On Tue, Nov 21, 2017 at 01:49:16PM +0000, Dave Martin wrote:
> Hi all,
> 
> SVE adds some new registers, and their size depends on the hardware ando
> on runtime sysreg settings.
> 
> Before coding something, I'd like to get people's views on my current
> approach here.
> 
> --8<--
> 
> New vcpu feature flag:
> /*
>  * userspace can support regs up to at least 2048 bits in size via ioctl,
>  * and will honour the size field in the reg iD
>  */
> #define KVM_ARM_VCPU_LARGE_REGS	4
> 
> Should we just error out of userspace fails to set this on a system that
> supports SVE, or is that too brutal?  

That would break older userspace on newer kernels on certain hardware,
which would certainly not be acceptable.  Or did I misunderstand?

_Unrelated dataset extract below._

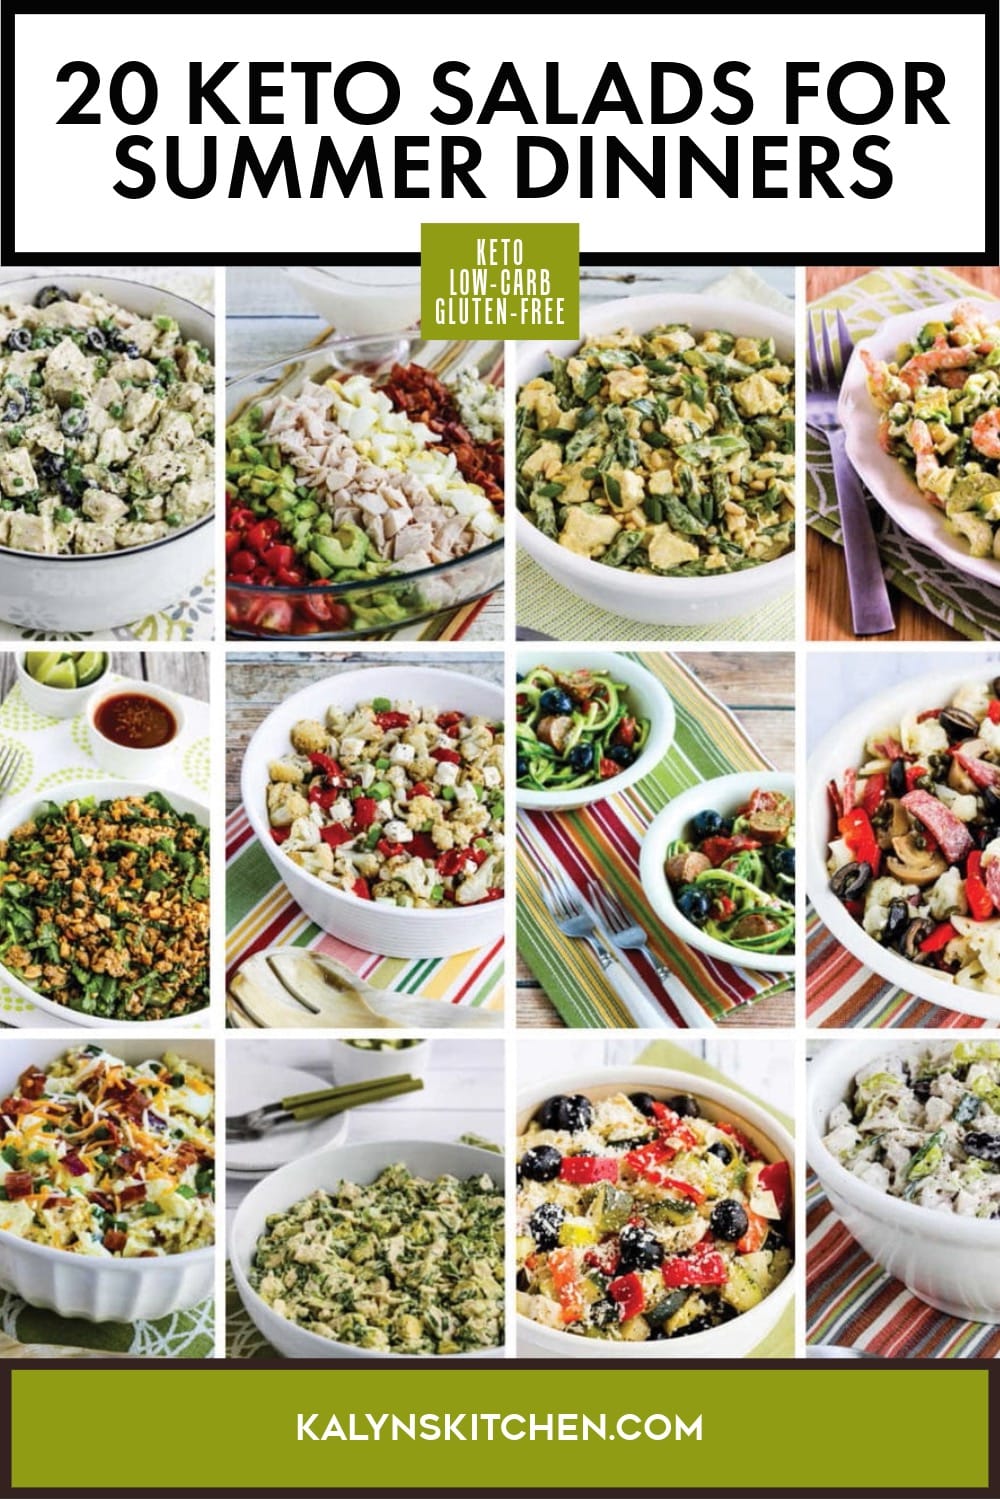 Pinterest image of 20 Keto Salads for Summer Dinners

> If we do treat that as an error,
> then we can unconditionally enable SVE for the guest when the host
> supports it -- which cuts down on unnecessary implementation complexity.

I think it makes sense to be able to disable SVE, especially if there's
high overhead related to context switching the state.  Since you say the
implementation complexity is unnecessary, I may be missing some larger
point?

> 
> Alternatively, we would need logic to disable SVE if userspace is too
> old, i.e., doesn't set this flag.  Then we might need to enforce that
> the flag is set the same on every vcpu -- but from the kernel's PoV
> it probably doesn't matter.

Not sure I understand why it doesn't matter from the kernel's PoV.

I think SVE should be disabled by default (as it is now) and then we
should expose a capability (potentially simply via the vcpu attributes
being present), and let userspace enable SVE and set a vector length.

It makes sense that userspace needs to know about SVE for VMs to use it,
doesn't it?

I assume SVE systems will have SVE on all CPUs in an SMP system, or am I
being way too optimistic about the ARM ecosystem here?  Just like we
don't model big.LITTLE, I think we should enforce in the kernel, that
userspace configures all VCPUs with the same SVE properties.

> 
> 
> /*
>  * For the SVE regs, we add some new reg IDs.
>  * Zn are presented in 2048-bit slices; Pn, FFR are presented in 256-bit
>  * slices.  This is sufficient for only a single slice to be required
>  * per register for SVE, but ensures expansion room in case future arch
>  * versions grow the maximum size.
>  */

I don't understand the last part of this comment?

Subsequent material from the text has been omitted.